# Install Driver Software for My Samsung Tablet



## AJUSAF (Sep 23, 2012)

Everytime I plug my Samsung tablet into my laptop's USB port, I receive a pop-up message titled: "Windows needs to install driver software for your CDC serial." Whenever I click on the option to locate and install the driver software, another window pops up instructing me to insert the disc that came with my tablet. However, there was no disc included with the tablet when I bought it brand-new, so there's another option that I can choose, "I don't have the disc. Show me other options." 

When I click on that option, yet another window pops up indicating that, "Windows could not find driver software for your device." Now I have two options: (1) Check for a solution, and (2) Browse my computer for driver software (advanced). When I choose, "check for a solution", I receive a message indicating, "Windows was unable to install your Samsung_Android."

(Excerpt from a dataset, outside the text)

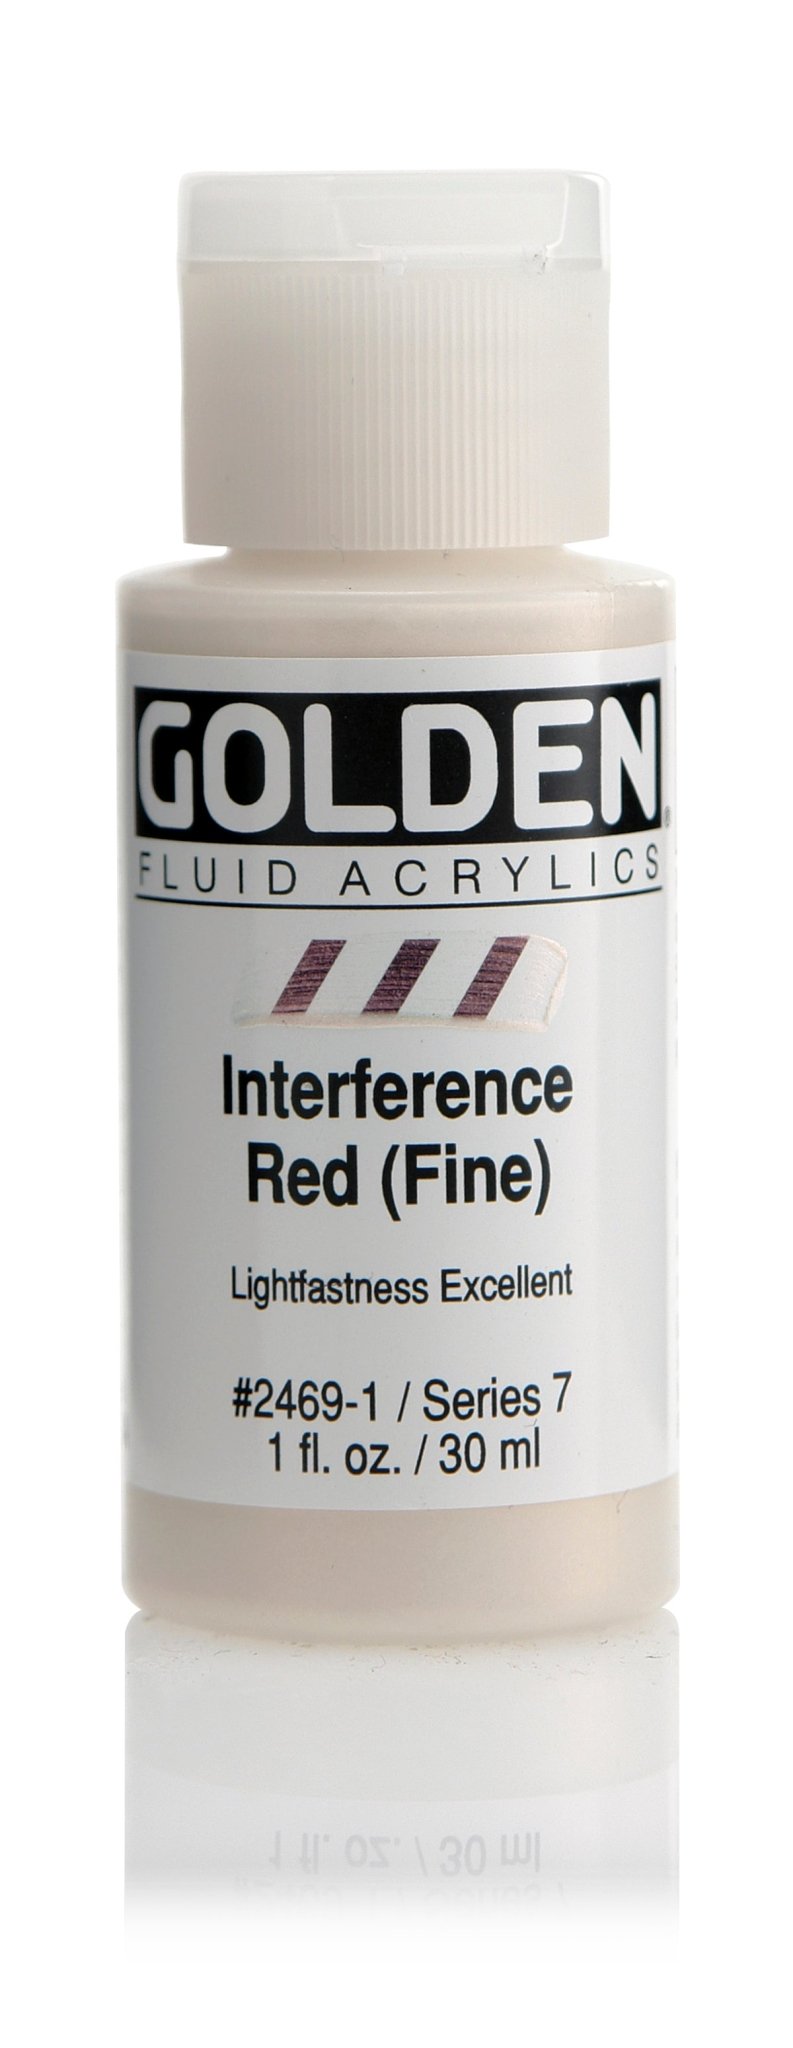 Golden Fluid Acrylics - Interference Red (Fine) - 30ml - Create A Little Magic (Pty) Ltd

Then I go back and choose the second option, "browse my computer for driver software," at which point a window opens titled, "Browse for driver software on your computer". It allows me to "Search for driver software in this location" and there's a drop-down box, but it only allows me to choose the D:\ drive, so I click on the "Browse" button which allows me to "Select the folder that contains drivers for your hardware, so I choose the C:\ drive and the computer searches and then tells me that it cannot find the driver software. What do I need to do in order to install the software so that I can sync this tablet with my laptop computer?


----------



## TerryNet (Mar 23, 2005)

The Samsung user guide doesn't say anything about that procedure? I understand that Samsung smart phones need their "Kies" software, which includes the drivers. I'm not going to research it, but would guess that their tablets may work similarly.


----------



## DoubleHelix (Dec 10, 2004)

It shouldn't need any drivers. I suspect a problem with either the tablet or the your computer's USB ports. Try connecting the tablet to a friend's computer. See if that works.


----------